告警规则检测到问题后，需要通过 Alertmanager 送到正确的人手里。以下配置实现了按严重级别路由到不同的通知渠道：

# alertmanager/alertmanager.yml - 告警路由与通知配置
global:
  resolve_timeout: 5m

route:
  receiver: 'default-webhook'
  group_by: ['alertname', 'instance']
  group_wait: 30s          # 首次告警等待 30s，合并同组告警
  group_interval: 5m       # 同组告警最小间隔
  repeat_interval: 4h      # 重复告警间隔
  routes:
    # critical 级别告警走紧急通道
    - match:
        severity: critical
      receiver: 'urgent-webhook'
      repeat_interval: 30m

receivers:
  - name: 'default-webhook'
    webhook_configs:
      - url: 'http://dingtalk-webhook:8060/dingtalk/ops/send'
        send_resolved: true

  - name: 'urgent-webhook'
    webhook_configs:
      - url: 'http://dingtalk-webhook:8060/dingtalk/urgent/send'
        send_resolved: true

# 告警抑制：critical 触发时抑制同实例的 warning 告警
inhibit_rules:
  - source_match:
      severity: 'critical'
    target_match:
      severity: 'warning'
    equal: ['alertname', 'instance']

📌 记住：group_wait 和 group_interval 的区别容易混淆。group_wait 是首次告警的等待时间，用于合并同一时间窗口内的多条告警；group_interval 是同组后续告警的最小间隔。设得太短会导致通知轰炸，设得太长会延误告警。生产环境推荐 group_wait: 30s、group_interval: 5m。

⚡ 六、生产环境调优与避坑指南

Prometheus 性能调优参数

参数	默认值	推荐值	说明
`scrape_interval`	15s	15-30s	非核心指标可放宽到 60s，减少采集压力
`storage.tsdb.retention.time`	15d	15-30d	超过用 Remote Write 推送到长期存储
`storage.tsdb.retention.size`	0（无限）	磁盘 70%	防止磁盘写满导致服务崩溃
`query.max-samples`	5000万	5000万	复杂查询可能需要调高
`query.timeout`	2m	2m	防止慢查询拖垮 Prometheus
`--web.enable-lifecycle`	关闭	开启	允许通过 HTTP API 热重载配置

三大常见坑点

❌ 坑点 1：标签基数爆炸 — 把 user_id、request_id、ip_address 作为标签会导致时间序列数激增。1 万个用户 × 10 个接口 = 10 万条时间序列，Prometheus 内存很快 OOM。

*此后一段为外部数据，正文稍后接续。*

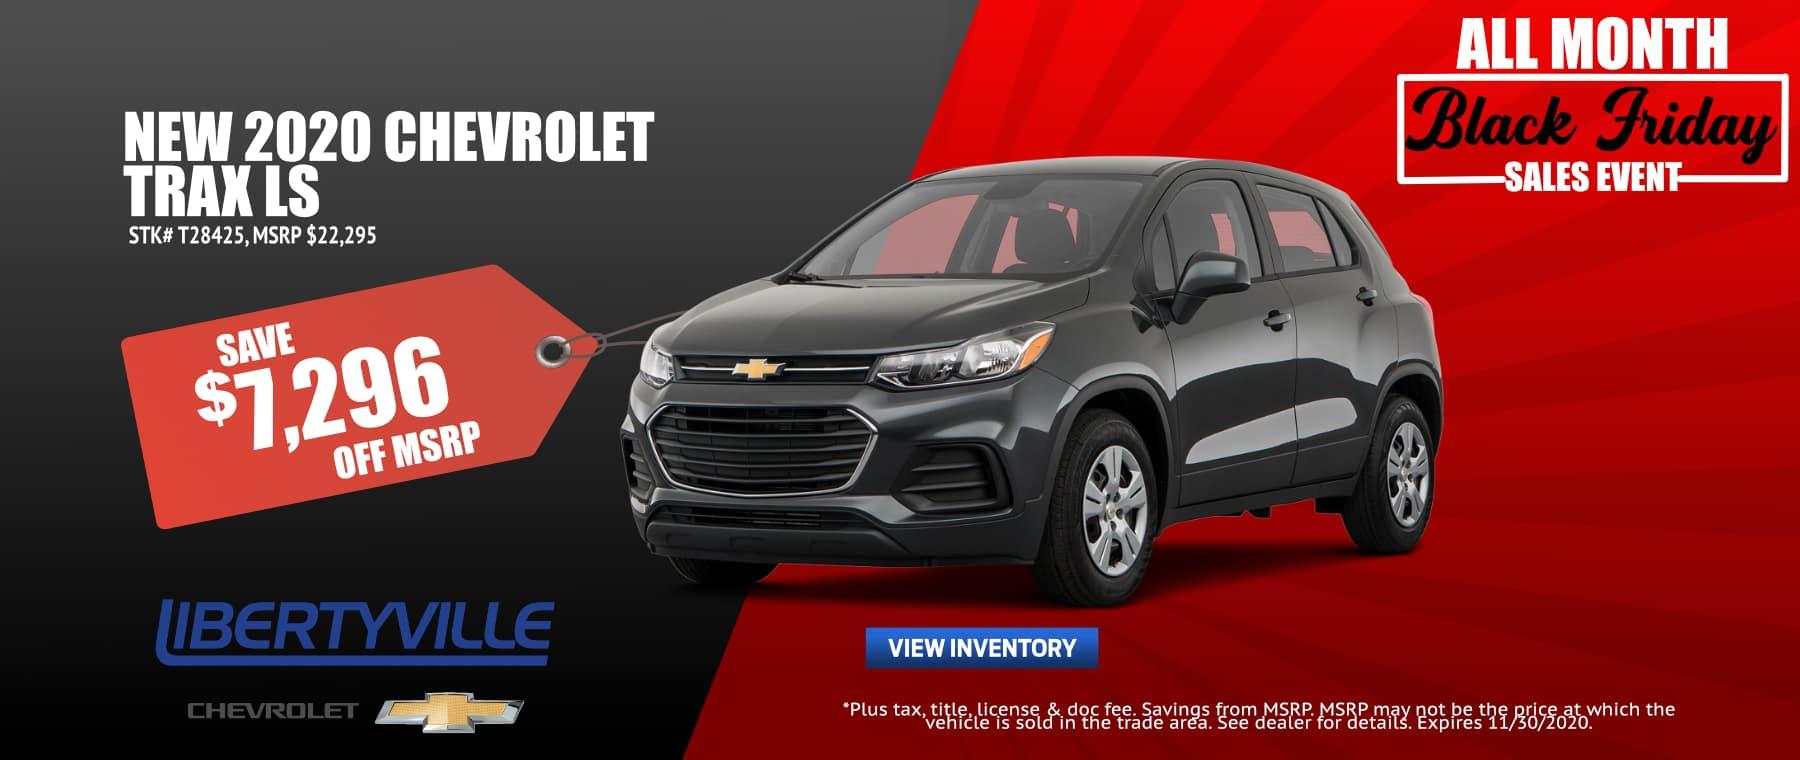 November-2020_TRAX_LIbertyville Chevrolet

✅ 正确做法：高基数数据走日志系统（Loki），指标只保留聚合维度。标签值的组合数控制在 1 万以内。

❌ 坑点 2：rate() 时间窗口太短 — rate(metric[1m]) 在采集间隔 15s 时只有 4 个样本点，噪声极大，图表抖动严重。

✅ 正确做法：rate() 的时间窗口至少是采集间隔的 4 倍。采集间隔 15s 时，推荐使用 [5m] 或更长。

❌ 坑点 3：忘记处理容器重启导致 Counter 重置 — 容器重启后 Counter 归零，rate() 会计算出一个巨大的瞬时值，触发误告警。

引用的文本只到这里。